C Mann Whitney U test

p<0.05 is significant. Normally and non-normally distributed results are provided in terms of mean ±S.E while for non-normally distributed results, their median and interquartile values are presented within brackets.

In addition, T2DM+ATHR cohort was significantly older compared to the control cohort (P<0.05) also there was a significant increase in the duration of the disease on comparing T2DM+ATHR cohort to T2DM-ATHR cohort (P<0.01). BMI of T2DM+ATHR were significantly higher compared to control group (P<0.01). The systolic blood pressure (systolic BP) of T2DM+ATHR cohort was significantly higher compared with T2DM-ATHR (P<0.05) and control (P<0.01) cohorts (Table 1).

The triacylglycerol levels of T2DM+ATHR cohort were significantly higher compared to control group (P<0.01) (Table 1). Although triacylglycerol of T2DM+ATHR group displayed higher levels compared to T2DM-ATHR group and T2DM-ATHR displayed higher levels compared to controls but these increments were not statistically significant (Table 1). There were no significant differences regarding total cholesterol, LDL-c and HDL-c among the studied groups (P>0.05).

Serum SOST and irisin in T2DM-/+ATHR patients and controls

Serum SOST levels in T2DM+ATHR showed significant increase in comparison to T2DM-ATHR (power of 98.8%, P<0.001) and control (power of 100%, P<0.001) (Table 1). Also, elevated levels of serum SOST were also detected in T2DM-ATHR cohort compared to control cohort, yet such increment was not statistically significant (P>0.05). Conversely, serum irisin levels was remarkably significantly lower in both T2DM+ATHR cohort (power of 97.4%, P<0.001) and T2DM-ATHR cohort (power of 95.5%, P<0.01) in comparison to controls (Table 1). It is worth mentioning that further reduction in the mean of serum irisin level was observed in T2DM+ATHR cohort compared to T2DM-ATHR cohort though this decrease was not statistically significant (P>0.05) (Table 1).
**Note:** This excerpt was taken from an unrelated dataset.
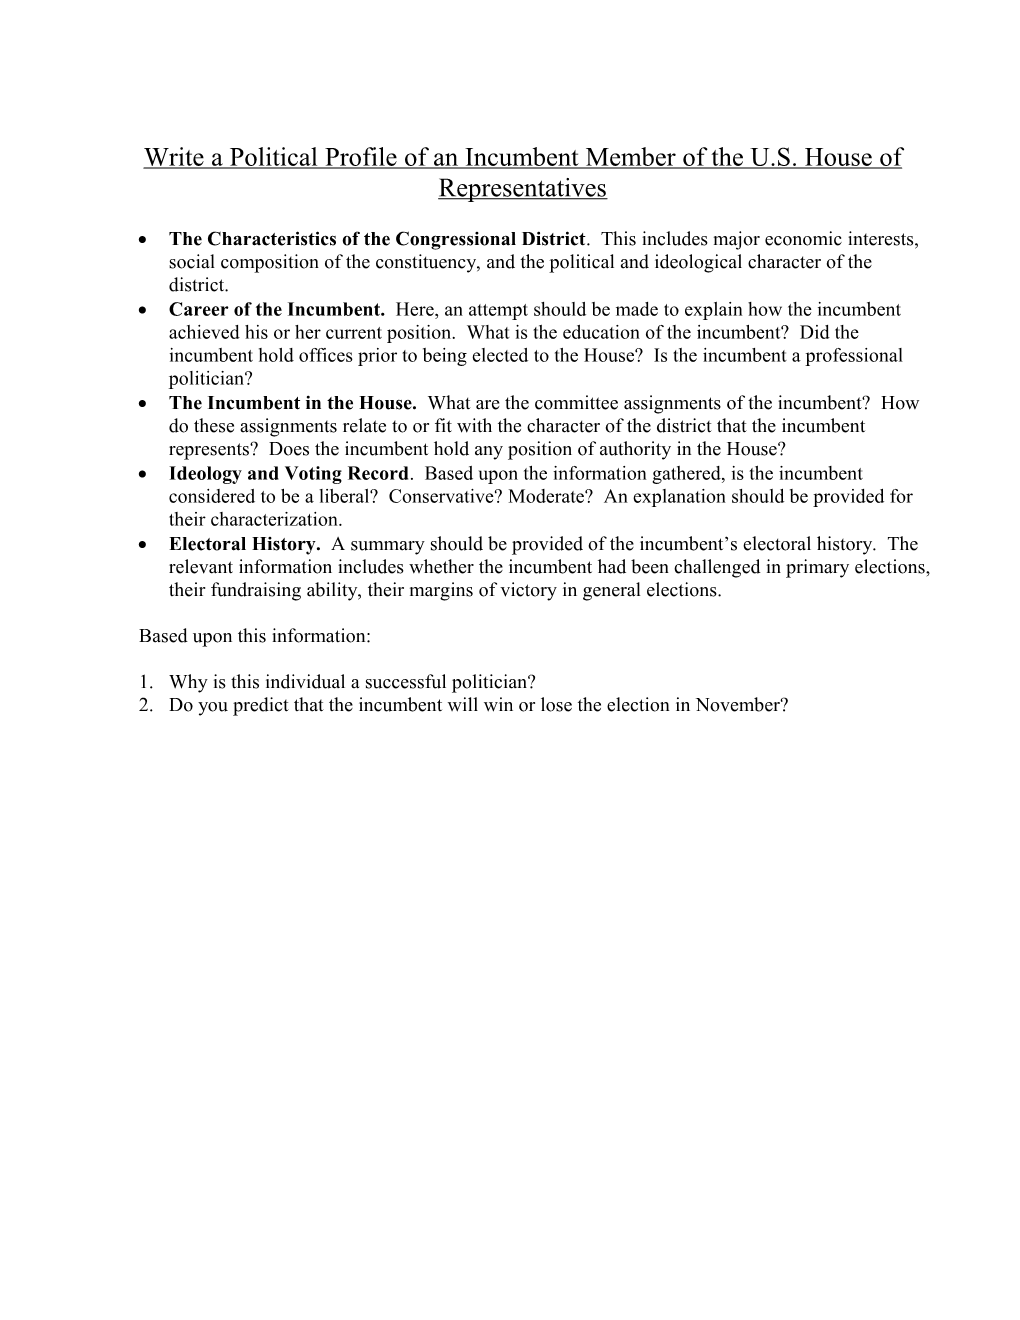 Write a Political Profile of an Incumbent Member of the U.S. House of Representatives

Importantly, the present study found a significant positive correlation between serum level of SOST and that of irisin in T2DM+ATHR group (95% Confidence Interval [0.06782–0.6178], P = 0.0185). Moreover, we noticed a significant positive correlation between SOST and FBG in T2DM+ATHR group (95% Confidence Interval [0.02516–0.5906], P = 0.0353). No other significant correlations were found (P>0.05) (Tables 2 and 3, Fig 1(a) and 1(b)).

Table 2

Correlation between both SOST and irisin and other studied parameters in T2DM+ATHR group.
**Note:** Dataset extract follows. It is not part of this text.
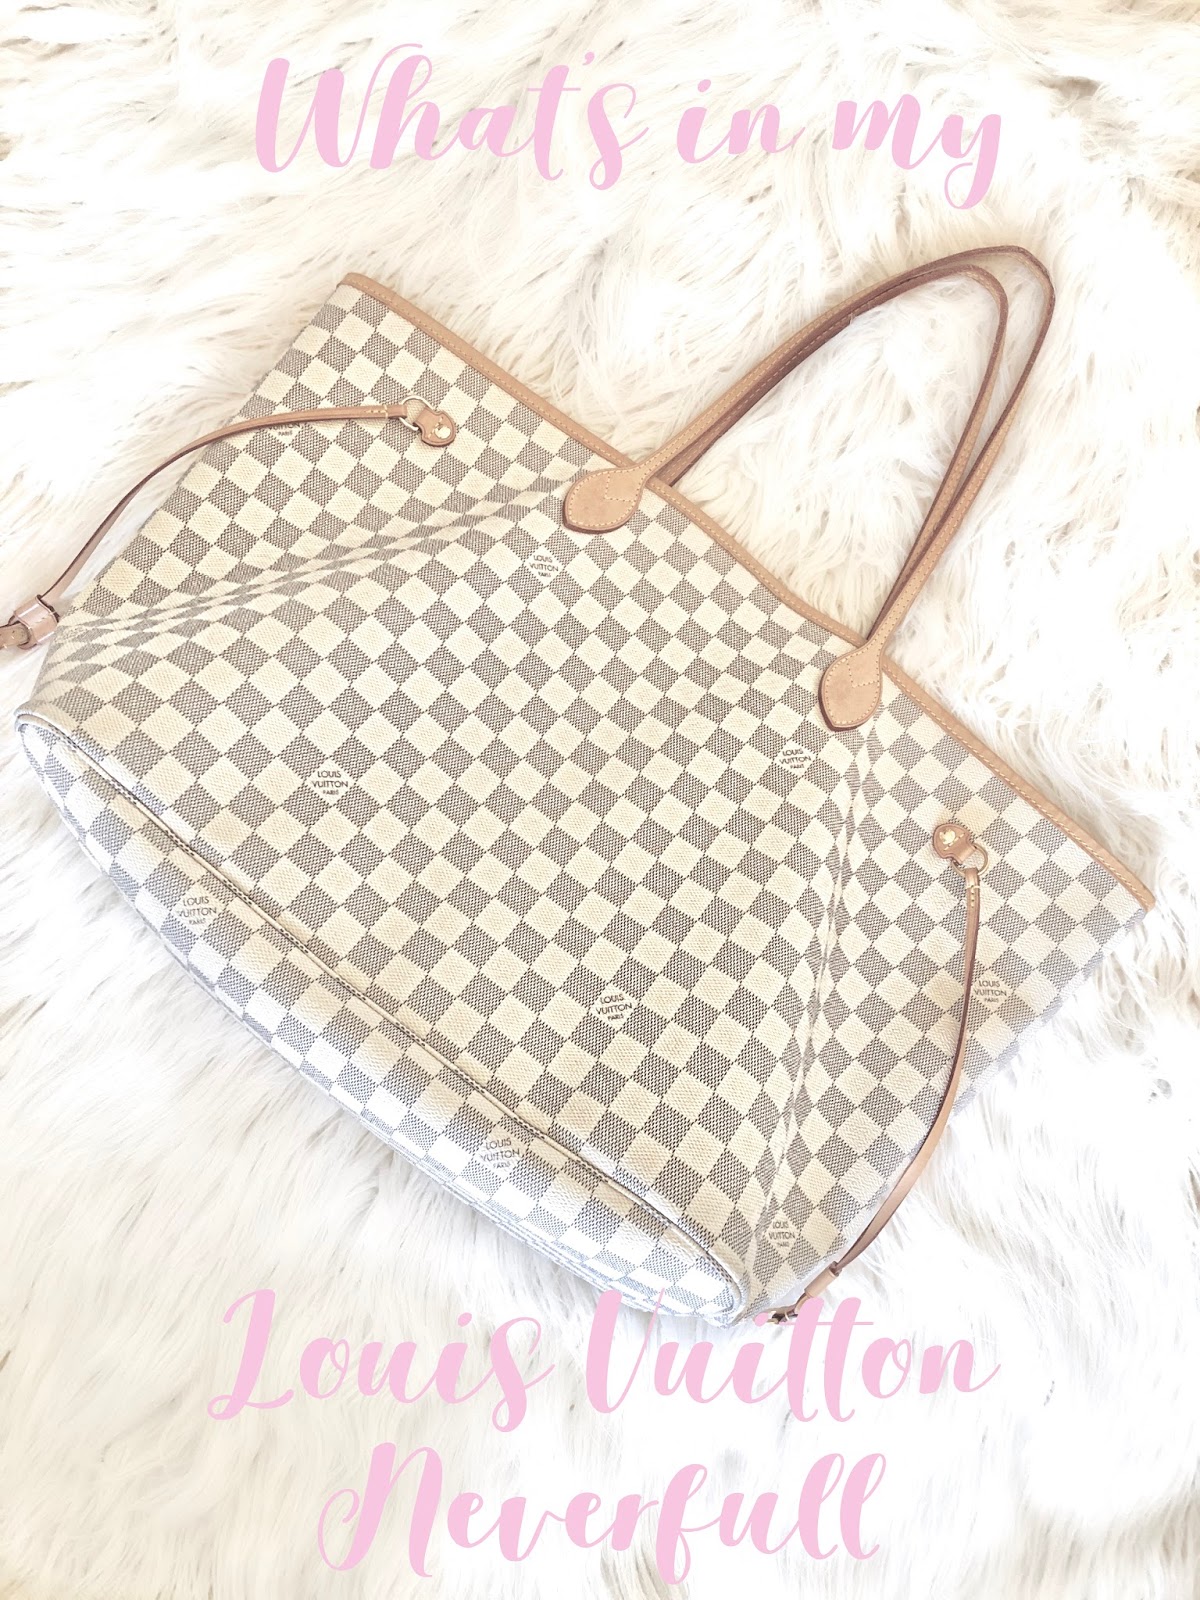 Using Louis Vuitton As A School Bag

The studied parameters	SOST (pg/mL)		Irisin (pg/mL)
	Pearson r	P—value	Pearson r	P–value
Age (Year)	0.09866	0.5501	-0.05342	0.7467
BMI (Kg/m2)	-0.2590	0.1113	0.08063	0.6256
Duration (years)	-0.08497	0.6071	-0.0232	0.8884
Systolic BP (mmHg)	-0.05900	0.7213	0.03888	0.8142
Diastolic BP (mmHg)	0.01740	0.9163	0.1182	0.4737
FBG (mg/dL)	0.3381	0.0353	0.02927	0.8596
HbA1c (%)	-0.04418	0.7894	0.1828	0.2654
Total cholesterol (mg/dL)	-0.008548	0.9588	0.1469	0.3722
Triacylglycerol (mg/dL)	0.001758	0.9915	0.1611	0.3271
HDL-C (mg/dL)	-0.1591	0.3333	-0.0954	0.5634
LDL-C (mg/dL)	0.06856	0.6783	0.1078	0.5138
Fasting Insulin (uIU/mL)	-0.1377	0.4031	0.04097	0.8044
HOMA	-0.009117	0.9561	0.04009	0.8085
Irisin (pg/mL)	0.3754	0.0185	-----	-----
SOST (pg/mL)	-----	-----	0.3754	0.0185

Table 3

Correlation between both sclerostin and irisin and other studied parameters in T2DM-ATHR group.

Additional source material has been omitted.